Caption: 2D t-SNE feature space projections for different file formats. Blue markers denote benign files, while red markers denote malicious ones.

Of course, with any data collection exercise, there is an abundance of known and unknown biases that may be introduced into the dataset. These may be by way of the vantage points used, the quality of the label assignment method, or how the class and data strata are distributed before being served into further stages of the learning pipeline. These biases, and how Glasswall handles them, may be discussed further in a future blog post.

Infrastructure and automation

Developing the necessary systems to refresh and expand one’s dataset at will is an exceptionally helpful and fundamental tool in mitigating data drift, which hinges on the diversity of input features (or in the unique case of CDR, document structures). Incorporating a data management system such as a database, data warehouse, or data lake allows one to scale up or scale down their training operations as required, all while maintaining an organizsed and query-able repository of input features.  

Ensuring synchronization with the latest feature sets is essential to combat data drift, whether due to changes in how structural artifacts are coded in the CDR engine or how they are decomposed into complex features. Without a feature synchronization strategy during the training phase, models risk becoming outdated as subtle changes in data representation occur, leading to degraded performance during inference.

A diagram of a cellDescription automatically generated

Caption: Feature space projections of an MS Word (Binary) dataset, D, before and after a change in feature definitions, leading to data drift. Here, T1 < T2, where T denotes time.  

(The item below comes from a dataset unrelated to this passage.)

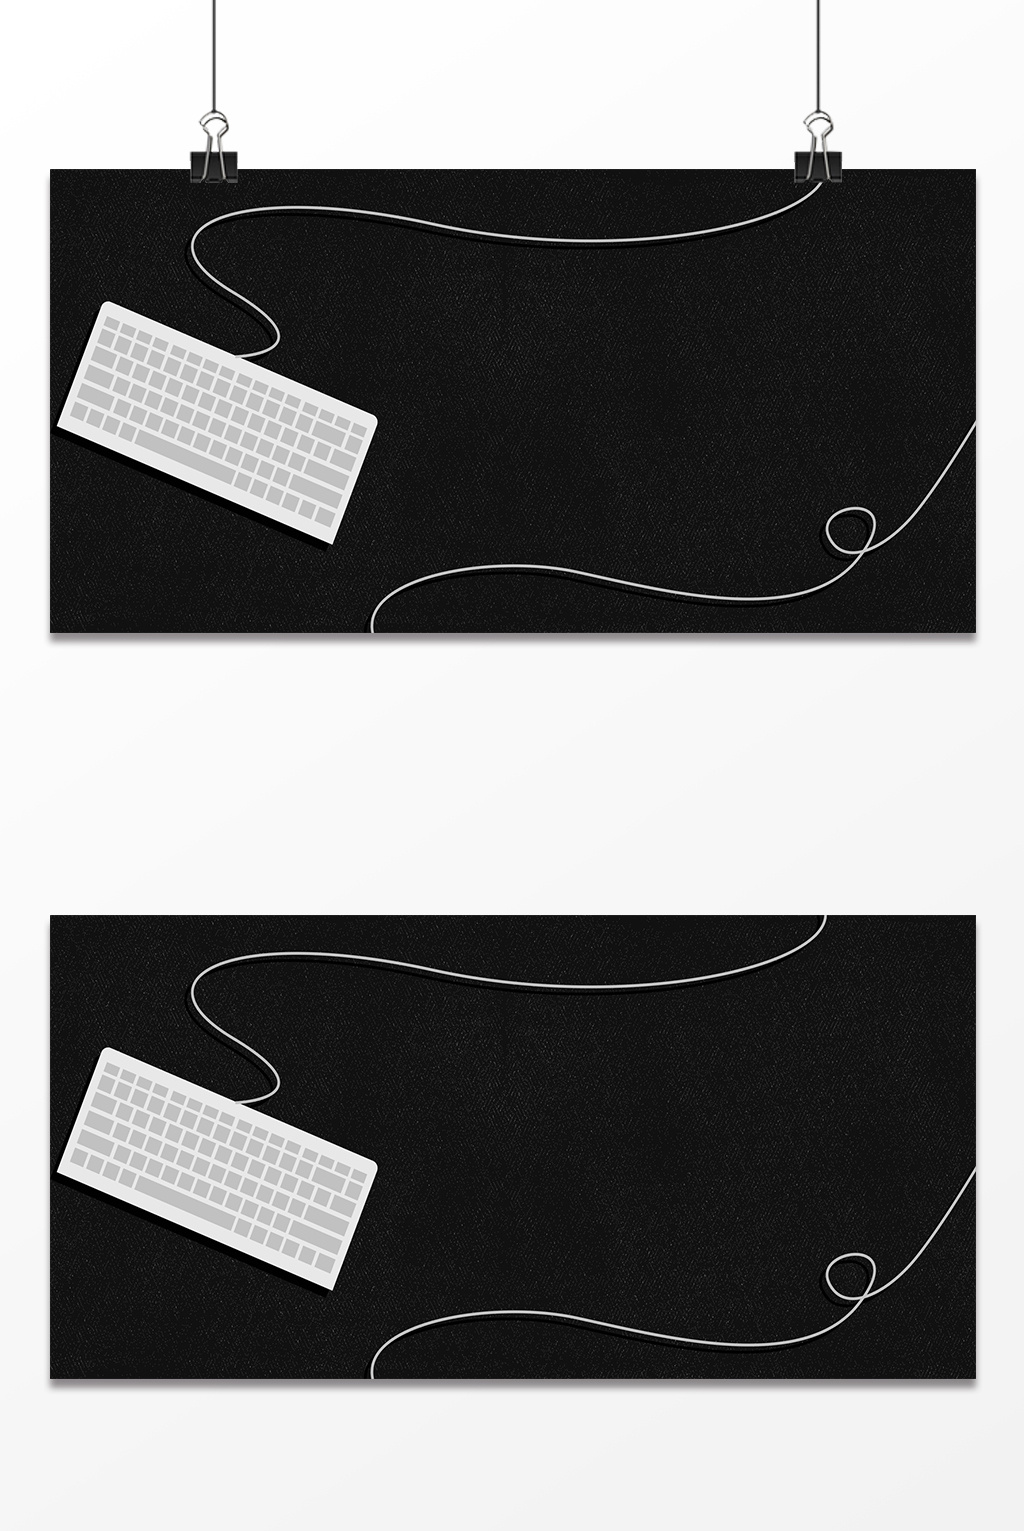 黑色键盘手机壁纸图片

Finally, automating this process introduces much enhanced efficiency that, if not factored in, can very quickly accumulate in time, labor, and costs.

If implemented correctly, having automated, data collection infrastructure and synchronisation processes helps ensure that the data distribution used to train and test the models remains representative, comprehensive, and relevant.

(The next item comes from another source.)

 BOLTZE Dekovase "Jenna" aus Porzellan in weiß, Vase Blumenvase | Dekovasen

Online monitoring and re-training

Extending the continuous data collection paradigm, online monitoring and re-training is a go-to, MLOps best -practice for tackling concept drift, with a principal focus on maintaining model performance. Methods to achieve this include monitoring live AI/ML deployments such as an API endpoint or other vantage point, identifying a criterion for the maximum acceptable performance degradation, and triggering re-training of the model once this criterion is met.

The key difference between this method and continuous data collection (as aforementioned) lies in the reactive nature of this method in that re-training is only triggered once production model performance falls outside of acceptable regions. In contrast, continuously collecting and re-training on new data is an inherently proactive method for ensuring peak model performance. With that being said, both methods may certainly be leveraged in tandem.  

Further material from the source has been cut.